- WHAT YOU ARE ASKED TO DO -
At the line with "Weihnachtsdeko Seiffen.Räuchermännchen Weihnachtsdeko", start transcribing; stop after the last line of the data below. Keep it exact and leave pictures out.

- INFORMATION SHOWN -
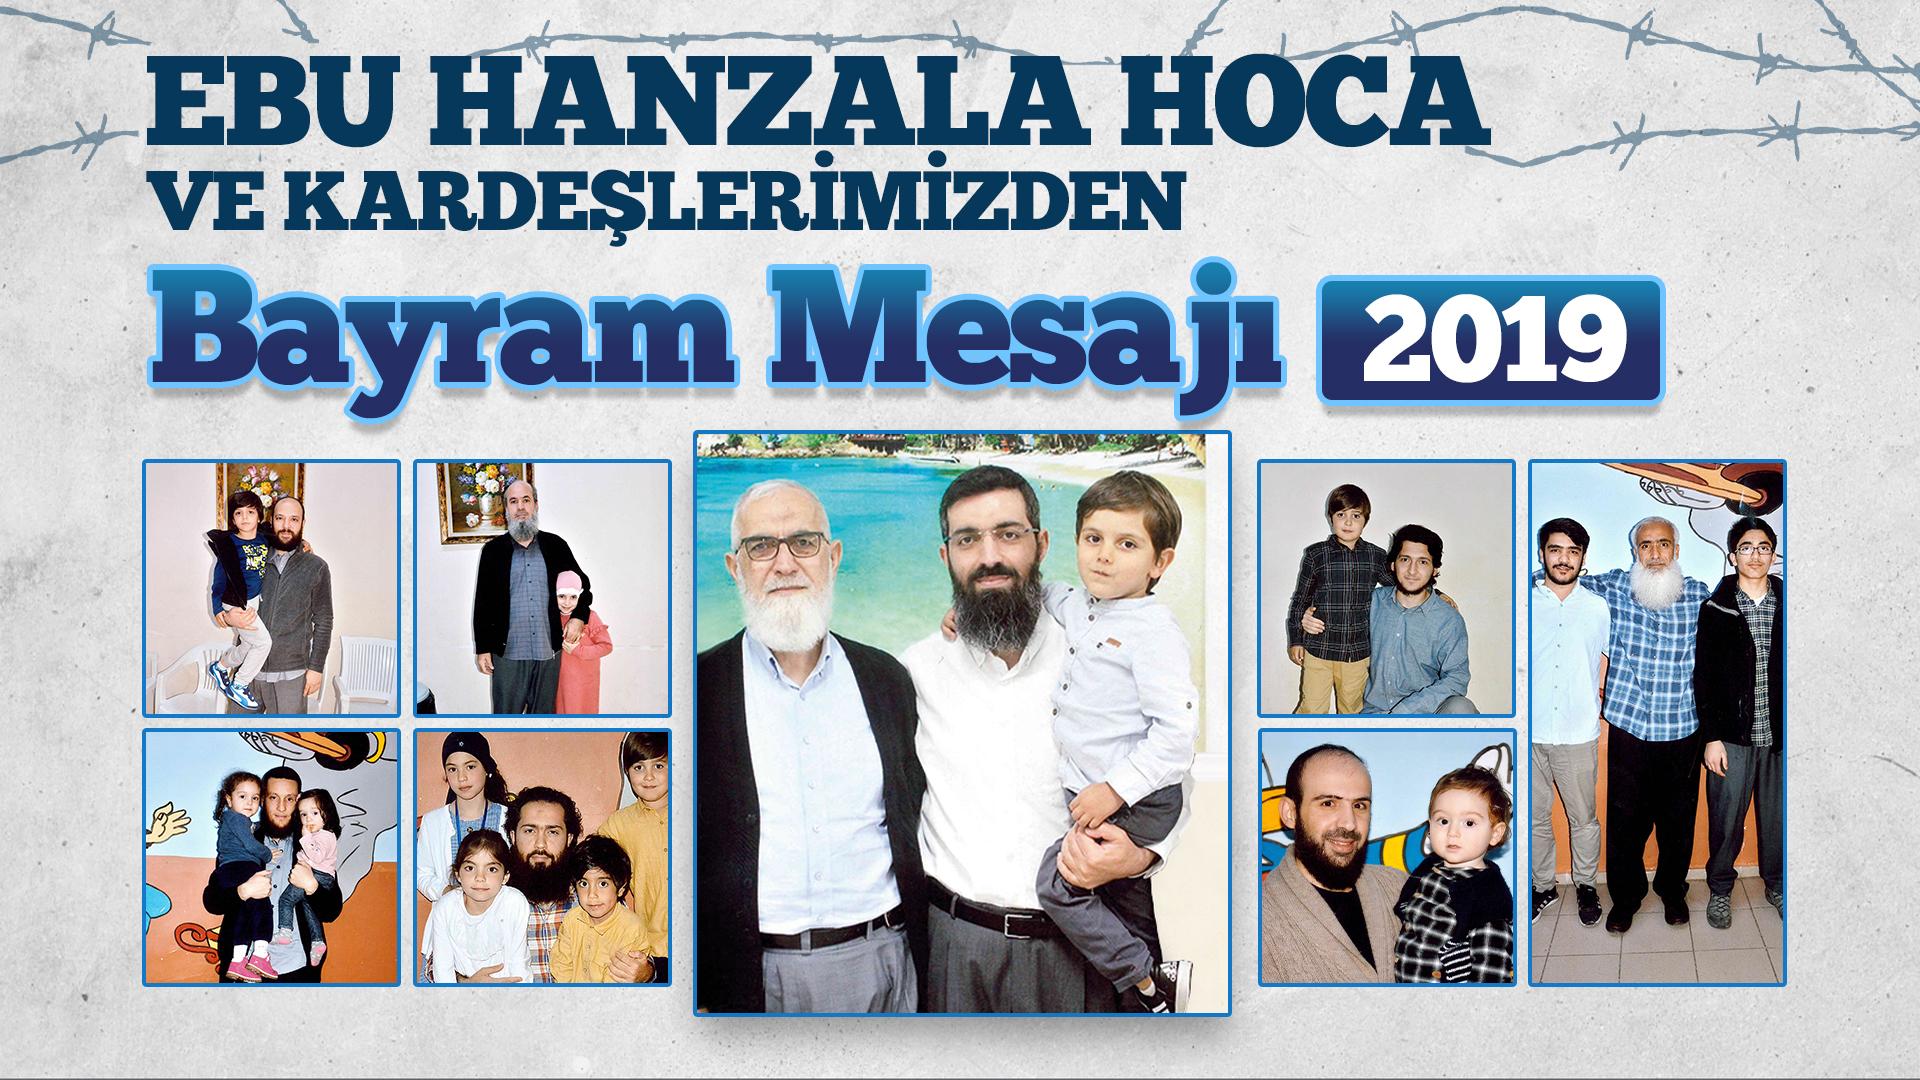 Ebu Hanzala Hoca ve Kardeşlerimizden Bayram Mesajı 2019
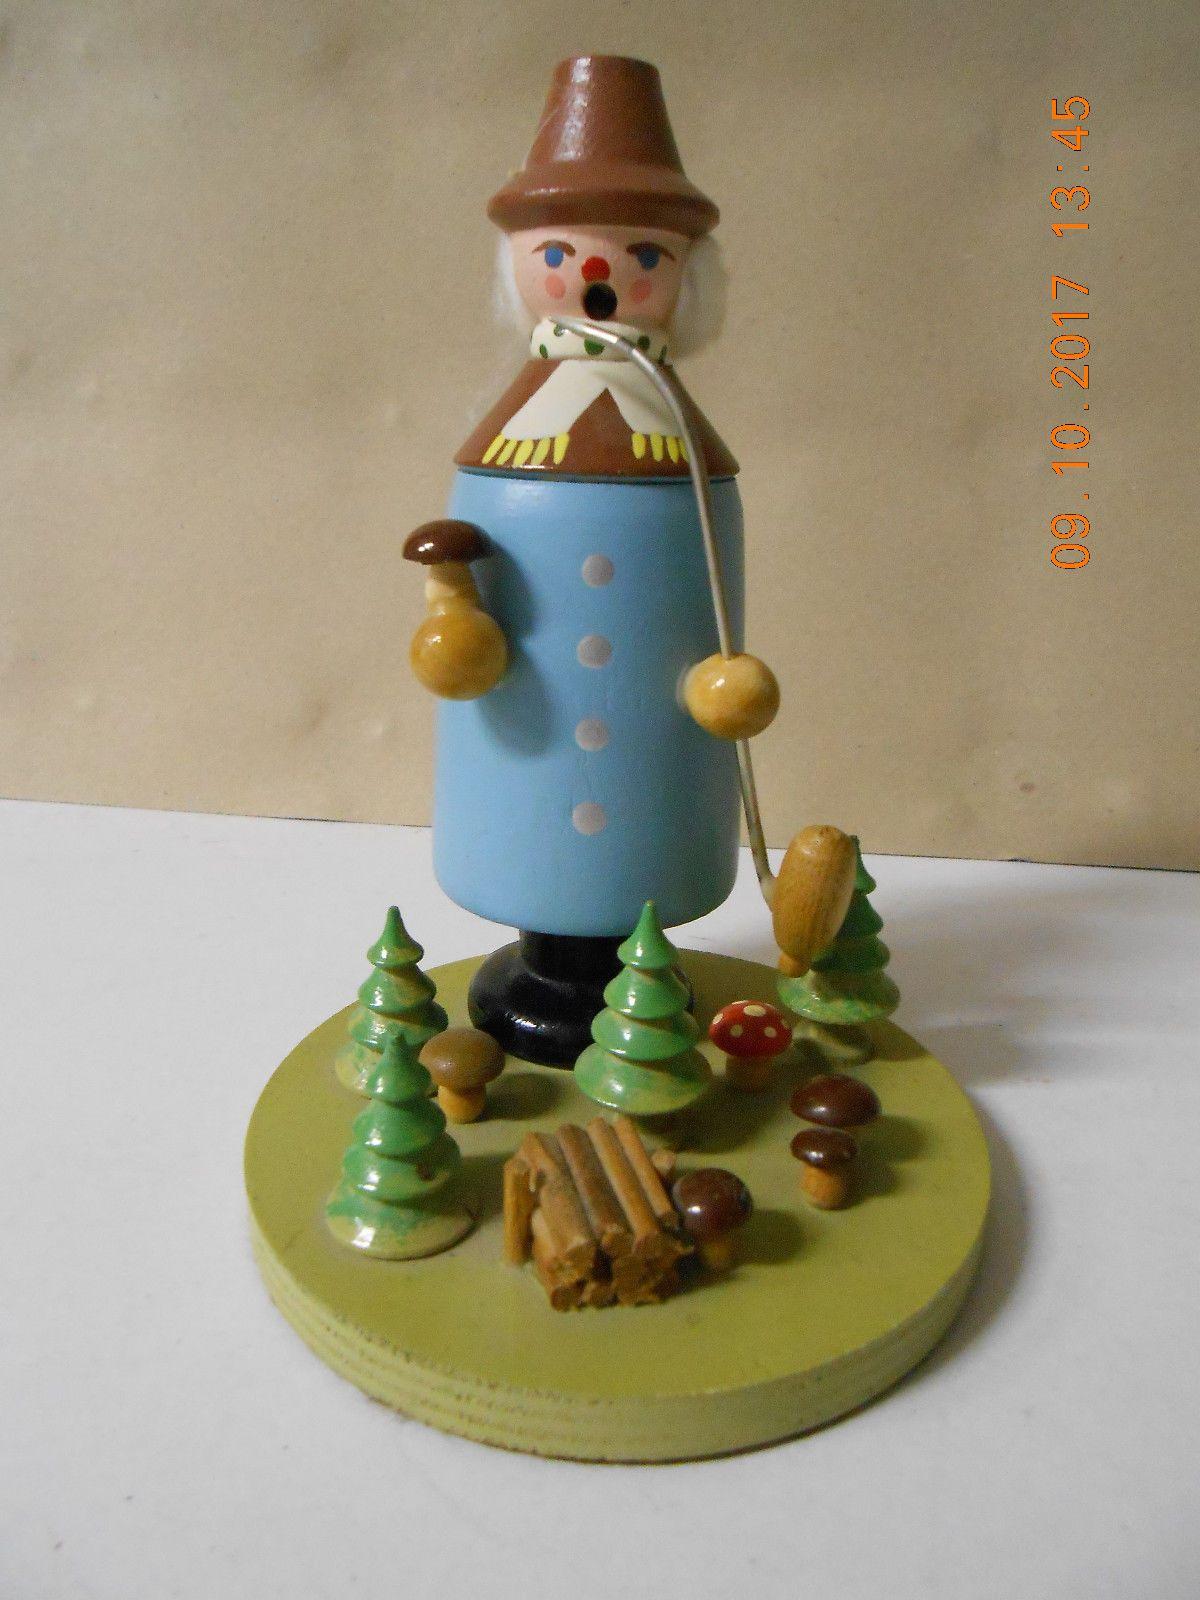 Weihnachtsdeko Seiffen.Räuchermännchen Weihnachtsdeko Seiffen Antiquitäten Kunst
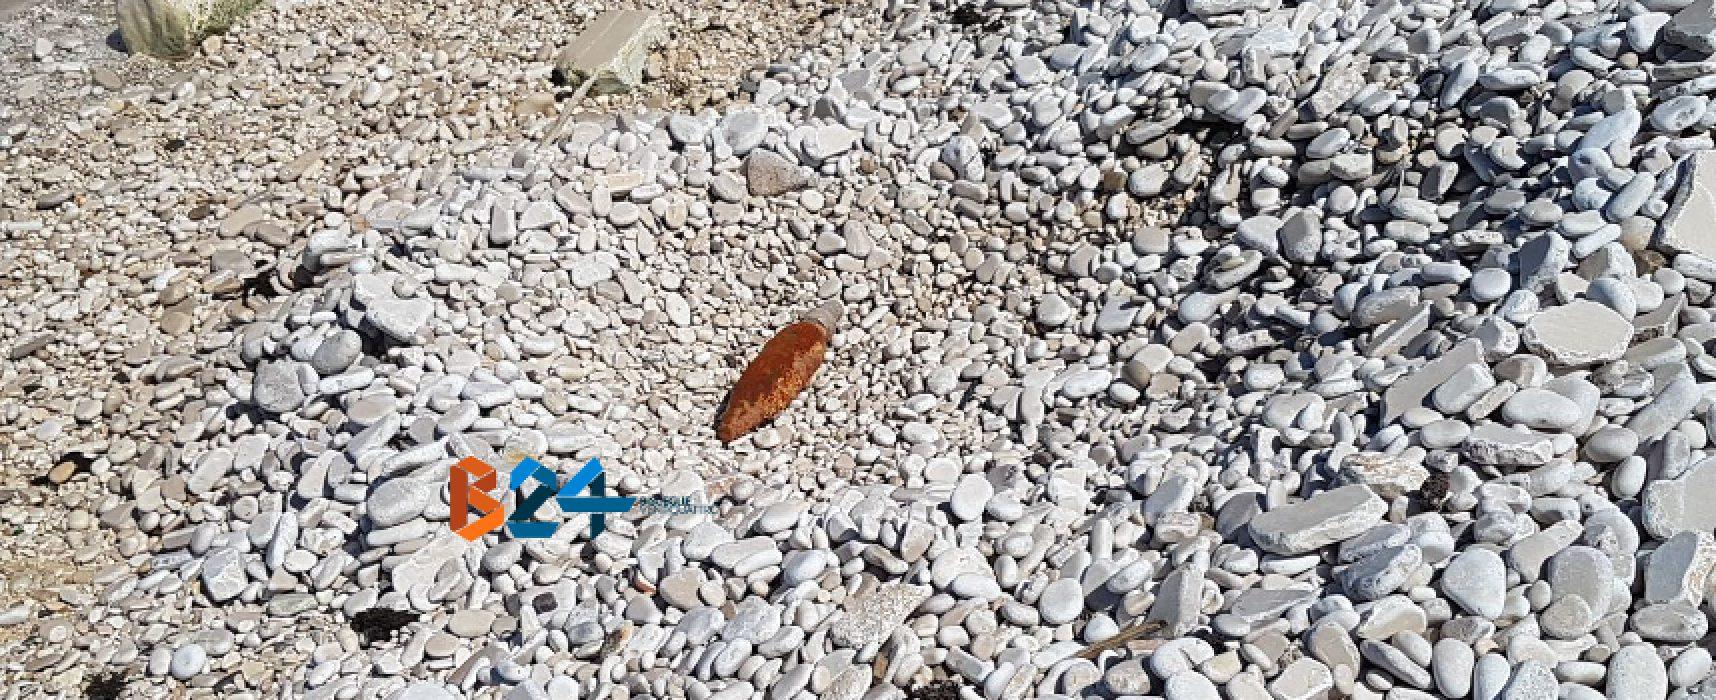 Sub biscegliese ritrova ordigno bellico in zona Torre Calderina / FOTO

- OUTPUT BELOW -
 Weihnachtsdeko Seiffen.Räuchermännchen Weihnachtsdeko Seiffen Antiquitäten Kunst
 Sub biscegliese ritrova ordigno bellico in zona Torre Calderina / FOTO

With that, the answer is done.